A 7 heures 32 minutes et 14 secondes, une première explosion se produit, suivie quelques secondes plus tard d’une deuxième, encore plus violente. Le souffle se serait fait ressentir jusqu’à Munich, soit à presque 400 km, mais aussi à Zurich et Göttingen. Dans la cathédrale de Worms, tous les vitraux médiévaux se sont brisés et à Heidelberg, un tramway a déraillé. Des dégâts matériels se seraient produit jusqu’à une distance de 75 km. Sur place, les journaux de l’époque rapportent des flammes de 100 mètres de haut. Les rues d’Oppau ressemblaient alors à une scène de guerre : 3 750 bâtiments ont été détruits et 1 860 personnes se sont retrouvées sans abri du jour au lendemain. Les dommages matériels ont été estimés à 321 millions de marks. Sur le site, un cratère de 165 mètres de long, 96 mètres de large et d’une profondeur de 18, 5 mètres s’est formé. A titre de comparaison, le plus grand cratère provoqué par l’Armée anglaise en Flandre durant la Première Guerre mondiale avait une largeur de 130 mètres et une profondeur de 12 mètres…

Une vague de solidarité s’est alors mise en place à travers tout le pays : campagnes de dons, collectes de nourriture, meubles, vêtements… afin de réparer les dégâts. Le gouvernement du Reich débloqua de son côté 10 millions de marks. Le 24 septembre 1921, soit trois jours après la catastrophe, 24 millions de marks avaient déjà été récoltés. Des organisations étrangères n’ont elles aussi pas hésité à se montrer généreuses avec les victimes d’Oppau, comme le Comité central de secours de la ville de New-York ou encore la Croix Rouge suédoise.

 

Oppau cratère explosion
Capture d'écran Youtube - Suite à l'explosion, un cratère de 165 mètres de long, 96 mètres de large et d’une profondeur de 18, 5 mètres s’est formé sur le site d'Oppau.

 


Postérité de l’explosion d’Oppau

BASF qui s'est immédiatement dédouanée de toute responsabilité juridique, vit les charges à son égard abandonnées en 1923, faute de preuves de négligence.

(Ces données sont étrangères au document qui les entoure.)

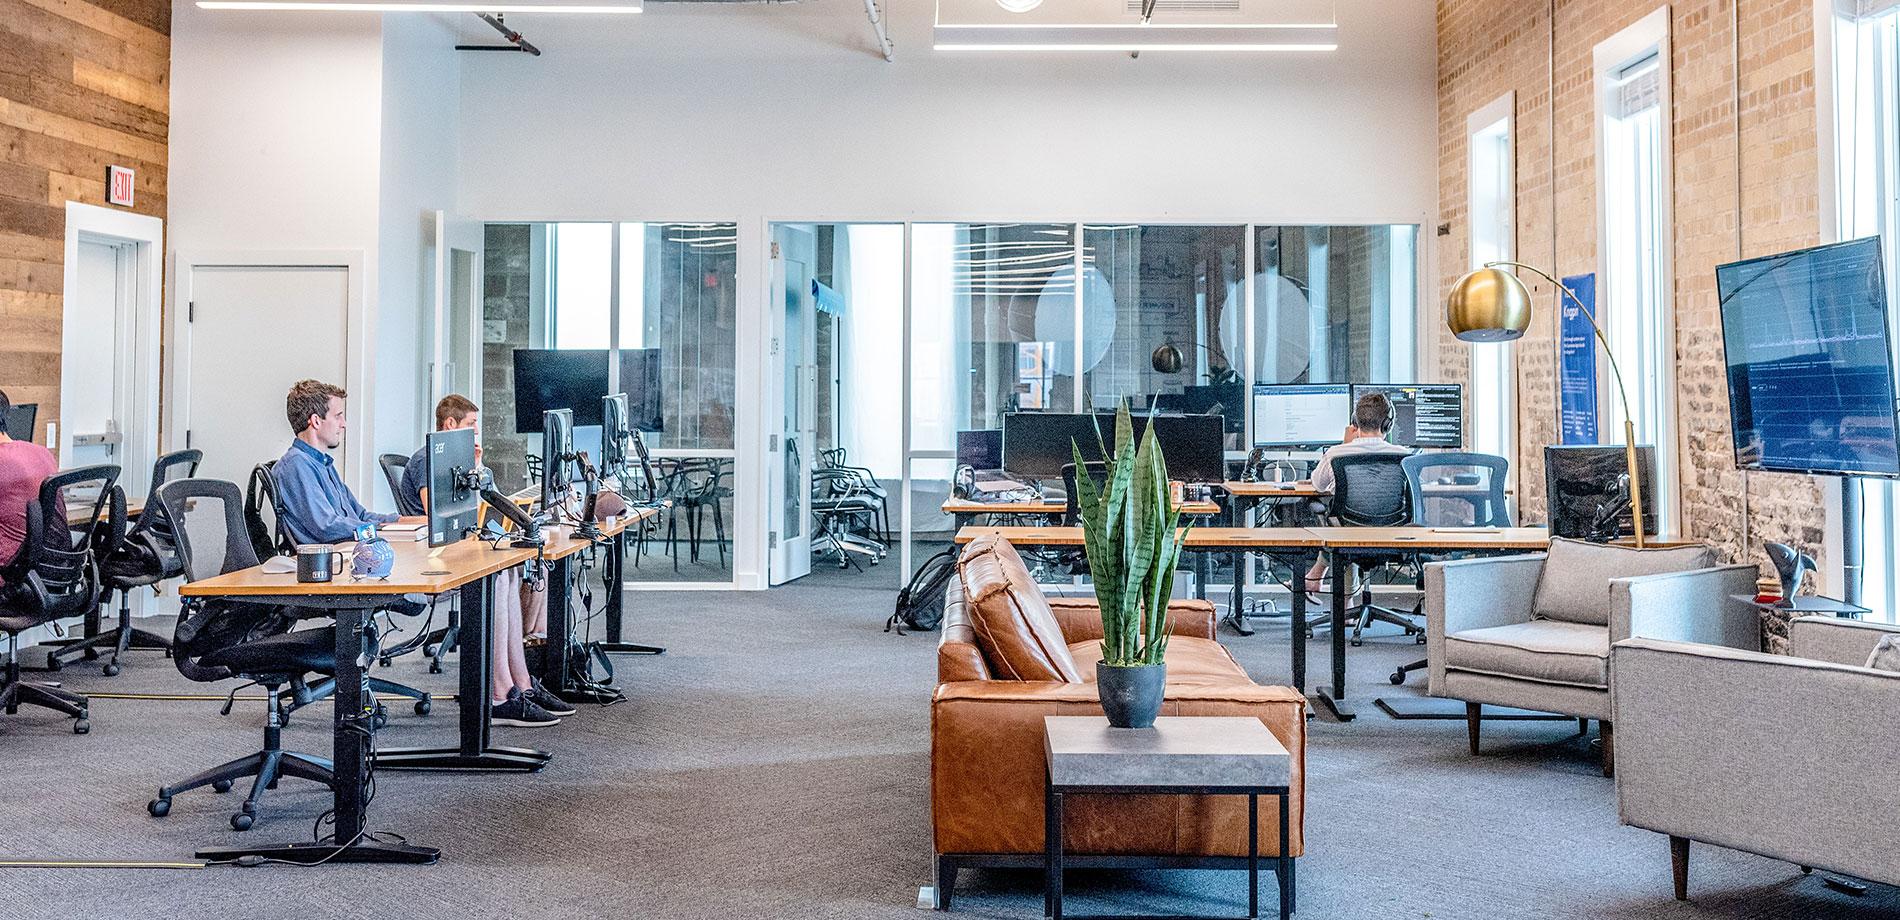 Workplace, Facebook, Empresas

La gravité de l’explosion a mis le doute chez beaucoup quant aux réelles causes de l’incident, et dans le contexte post Seconde Guerre mondiale, on n’a pas manqué de voir émerger des théories du complot : la presse des Alliés de la Triple Entente – comme le New York Times, Daily Telegraph et le Wall Street Journal - suspectait l’Allemagne de chercher à obtenir des armes et notamment des bombes (ce qui lui était interdit par le Traité de Versailles).

En Allemagne, le nitrate d’ammonium relève de la législation concernant les explosifs : en effet, la substance s’est aussi avérée comme très populaires chez les terroristes, par exemple dans l’attentat contre le bâtiment fédéral d’Oklahoma City aux États-Unis en 1995 ou plus récemment dans l’attentat à la voiture piégée du terroriste d’extrême droite Behring Breivik à Oslo en 2011. Les attaques ont respectivement tué 166 et 8 personnes.

En mai 2020, le journal « Times of Israël » a révélé que les services secrets israéliens auraient averti les autorités allemandes de centaines de kilos de nitrate d’ammonium stockés par des partisans du groupe terroriste islamique Hezbollah dans le sud du pays. Ce bras militaire du « Parti de Dieu », considéré depuis 2013 comme groupe terroriste par l’Union Européenne compterait environ 1 050 adeptes en Allemagne.